Start of GIVEN MATERIAL
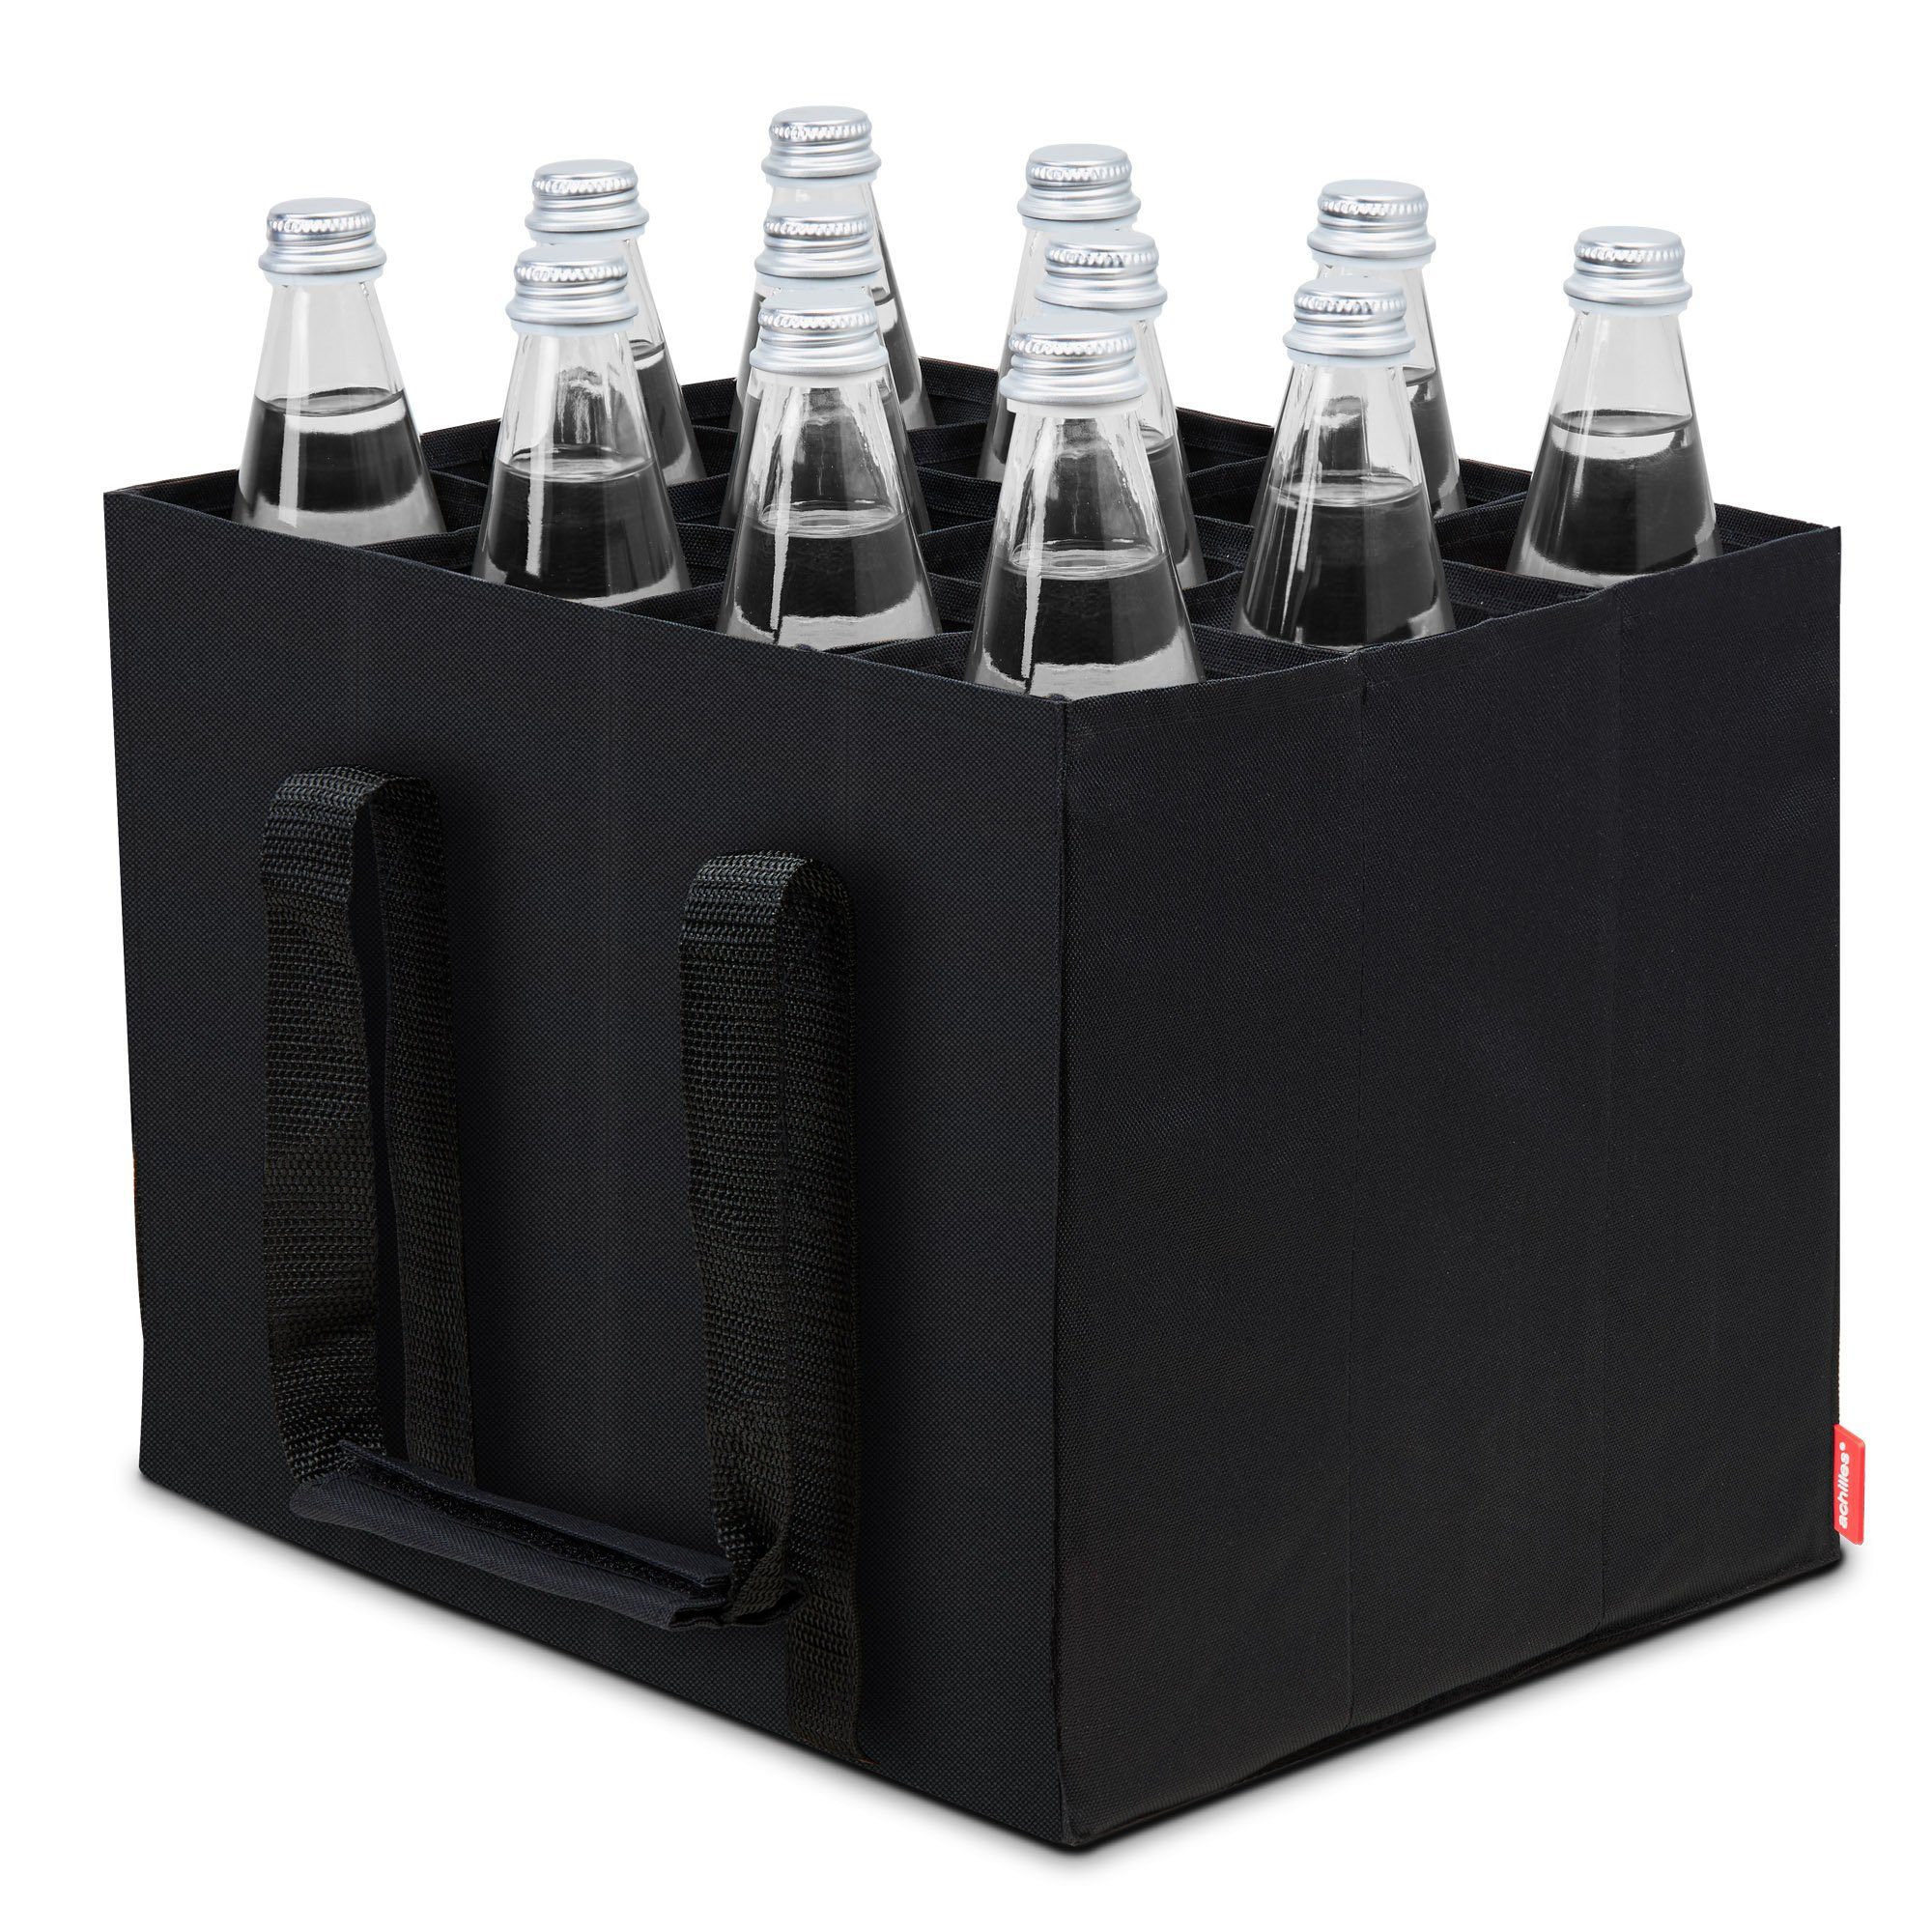 achilles Flaschenkorb 12er Bottle-Bag Flaschentasche für 12 x 1,5 Liter  Wasser-Flaschen Tragetasche mit Trennwänden Einkaufs-Tasche mit 12 Fächer
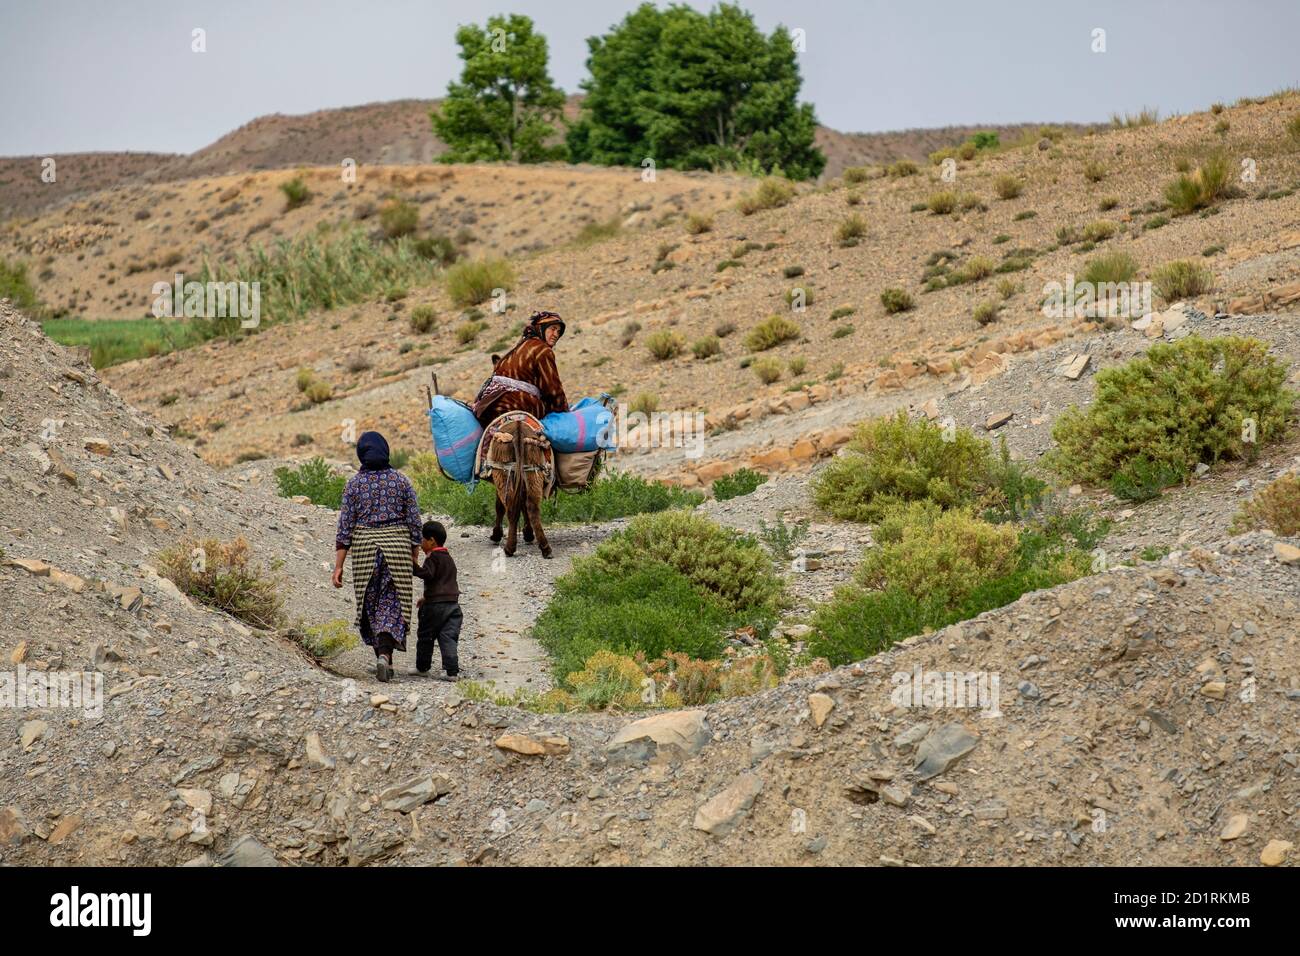 mujeres regresando del campo, Amellagou, alto Atlas, Marruecos, Africa Stock Photo
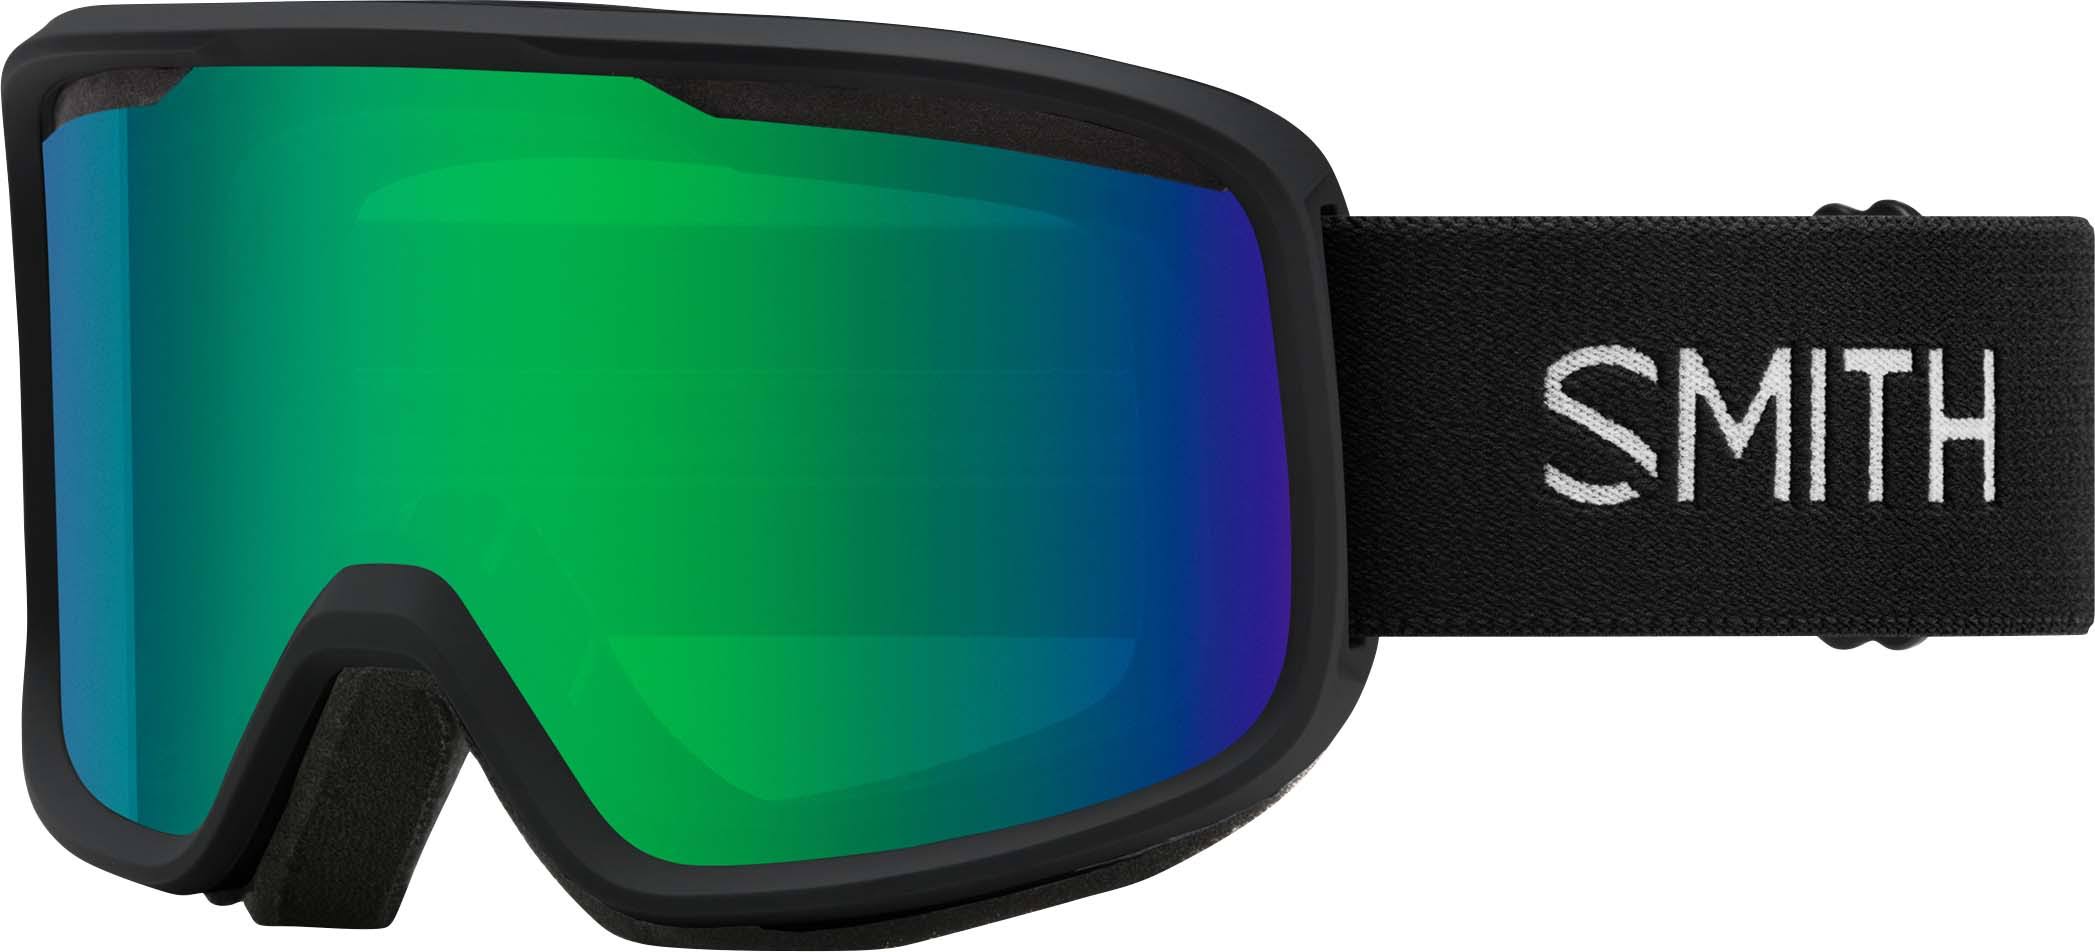 Smith Frontier Goggles Black Green Sol-X Mirror M004292QJ99C5
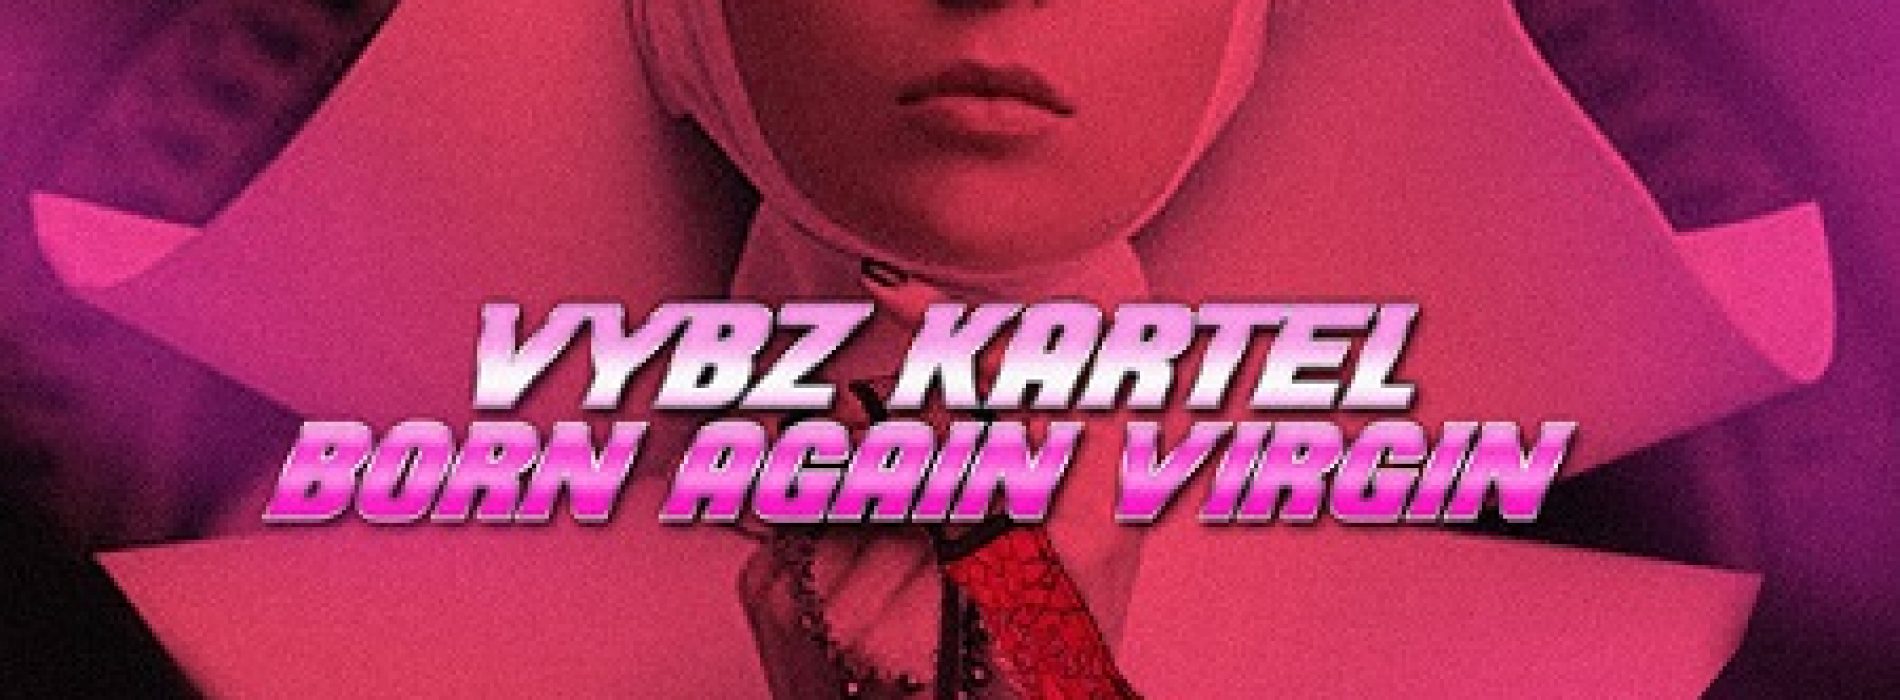 VYBZ KARTEL dévoile son clip – Born Again Virgin – Aôut 2017
End of GIVEN MATERIAL
* _TASK INSTRUCTIONS_
The data above must be copied exactly. Leave out the pictures.

* _TASK OUTPUT_
 achilles Flaschenkorb 12er Bottle-Bag Flaschentasche für 12 x 1,5 Liter  Wasser-Flaschen Tragetasche mit Trennwänden Einkaufs-Tasche mit 12 Fächer
 mujeres regresando del campo, Amellagou, alto Atlas, Marruecos, Africa Stock Photo
 Smith Frontier Goggles Black Green Sol-X Mirror M004292QJ99C5
 VYBZ KARTEL dévoile son clip – Born Again Virgin – Aôut 2017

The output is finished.